Le 19 mai 1681, la Chambre Ardente est rouverte pour clore enfin ce procès interminable. Début mai, La Trianon se suicide dans sa cellule. Peu après, les exécutions reprennent, à commencer par l’ancienne maîtresse de Guibourg.
Un dernier vent de poison souffle sur la Cour et Mme de Montespan : le 27 juin 1681, Mlle de Fontanges meurt à Paris à 20 ans à peine. Louis XIV, qui craint le poison, refuse l’autopsie mais la famille insiste. Aucune trace de poison n’est détectée dans son corps, mais la Marquise est visée par certaines accusations.

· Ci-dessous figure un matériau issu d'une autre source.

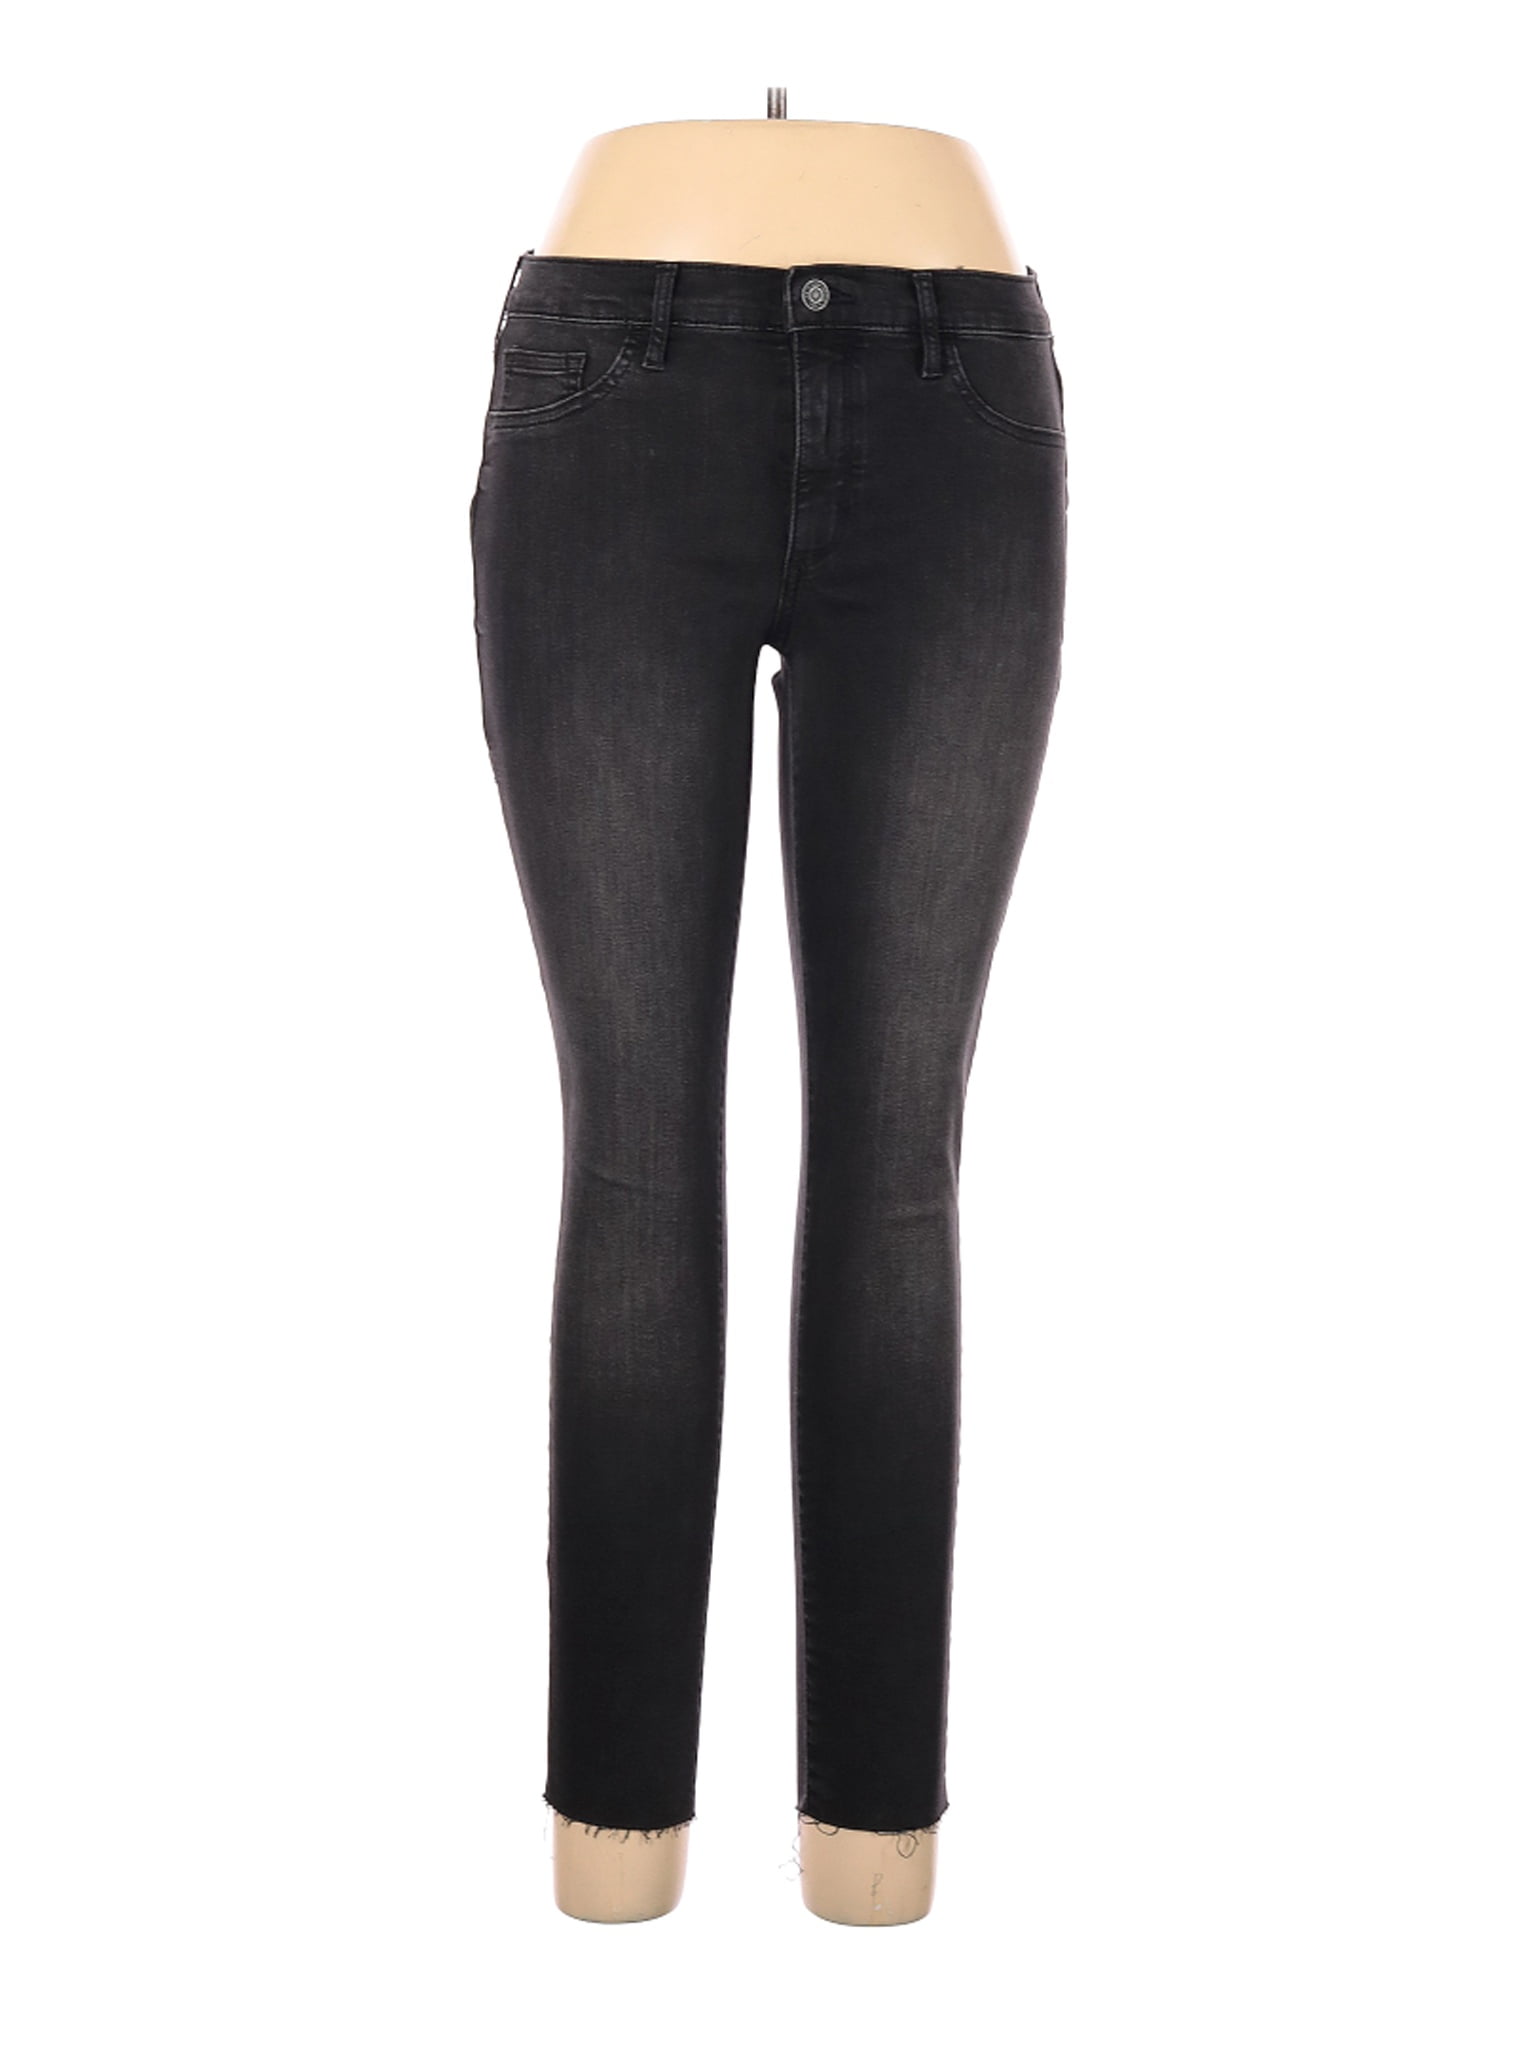 Gap - Pre-Owned Gap Women's Size 30W Jeans - Walmart.com - Walmart.com

La dernière exécution ordonnée par la Chambre est celle de La Chaboissière, ancien valet du Chevalier de Vanens, le 16 juillet 1682. Le 21 juillet, la Chambre est définitivement close, et les prisonniers sont recensés puis on décide de leur sort. En chiffres, la Chambre Ardente « avait tenu 210 séances, prononcé 319 décrets de prise de corps, obtenu l’arrestation de 194 personnes, rendu 104 jugements dont 36 condamnations à mort, 4 condamnations aux galères, 34 à des peines de bannissements ou d’amendes et 30 acquittements ». Parmi les prisonniers restants, ceux qui n’avaient commis que de petits crimes ou dont les paroles n’avaient que peu de conséquences sont remis en liberté, ou au pire envoyés aux galères. Ceux qui, au contraire, ont un lourd passé criminel à leur actif, savent trop de choses ou ont cité le nom de Mme de Montespan sont condamnés à la prison à vie dans les citadelles les plus éloignées de France. Dès août 1682, les premières libérations commencent, avec entre autres le fils de La Bosse et le frère de La Filastre, tous deux enrôlés dans des compagnies de l’armée. Blessis, l’amant de La Voisin, est condamnée à voguer à vie sur la galère La Réale et la fille de La Bosse est enfermée à vie dans un couvent. A la Belle-Isle-en-Mer sont envoyées entre autres la fille Voisin et La Chappelain ; à Besançon et Saint-André-de-Salines sont respectivement envoyés, parmi d’autres, Vanens et les Bachimont d’un côté, Lesage et Guibourg de l’autre. Les autres prisonniers sont répartis entre Salses, près de Perpignan, Bains et Villefranche-de-Conflent.